E-land close to buying Mudra Lifestyle
According to the sources close to the development, the South Korean major has agreed to buy a minimum 51% stake in the company, which can go up to 67% after the open offer.
Ganeshmal Surana, CFO of Mudra Lifestyle, told ET that the two sides were negotiating. “Talks are going on. However, we would not like to comment on this matter.”
According to the sources close to the development, the South Korean major has agreed to buy a minimum 51% stake in the company, which can go up to 67% after the open offer. It will be picking up close to 25% through fresh issuance of about 1.2 crore shares at Rs 60, resulting in the mandatory open offer.
Any shortfall in acquiring 67% stake will be met by the Indian promoters, who would sell their stake to the acquirer.
The promoters would be getting Rs 15 per share as non-compete fees, about 25% higher than the agreed price.
The total deal size is expected to be over Rs 200 crore as the company would receive Rs 72 crore, the promoters would recover about Rs 75 crore for selling their stake and the balance Rs 60 crore could go towards funding the open offer.
“The Korean company will bring in their management to run the company,” said a senior official of the company who did not wish to be named. “However, current promoters will continue with a strategic stake in the company.”
On Friday, Mudra Lifestyle’s scrip closed at Rs 57, up about 4% from previous close, putting the company’s market capitalisation at Rs 204 crore.
The company reported a top line of Rs 365 crore for the financial year 2010. The company makes fabrics as well as garments and also processes and designs apparels for the domestic and export market. It is moving into designer shirts and women’s wear.

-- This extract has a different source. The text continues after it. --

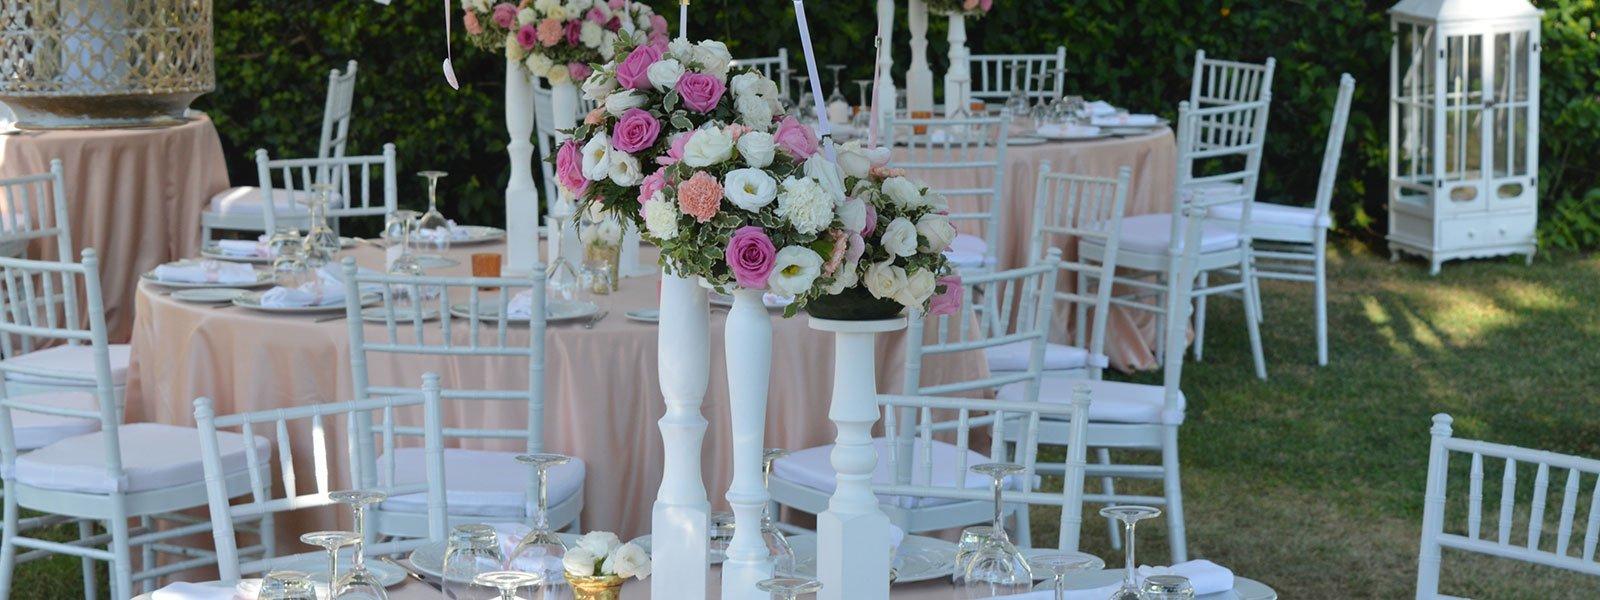 Composizione floreale a decorazione dei tavoli esterni

“This is win-win situation for both the companies,” said Sangeeta Tripathi, senior analyst, Sherkhan. “Mudra Lifestyle is getting premium valuation at the same time Korean company will get integrated manufacturing facilities for its overseas market.”
The integrated textile player has clients like Arvind, Raymonds and ITC in the domestic market and caters to Wal-Mart, Carrefour among others in the international market. It is expected to be running at a full capacity of weaving (85,000 metre/day), processing (140,000 metre/day), garmenting (27,000 pieces/day) and yarn dyeing (6 tonnes/day) by the end of this year.
E-Land group is a Seoul-based fashion and garment conglomerate with substantial presence in the fast growing Asian markets.
Founded in 1980 company had initiated franchisee model in South Korea to expand its retail reach before expanding into garment manufacturing. The deal is expected to give a strong foothold to the company in the low-cost, high-quality textiles market in India.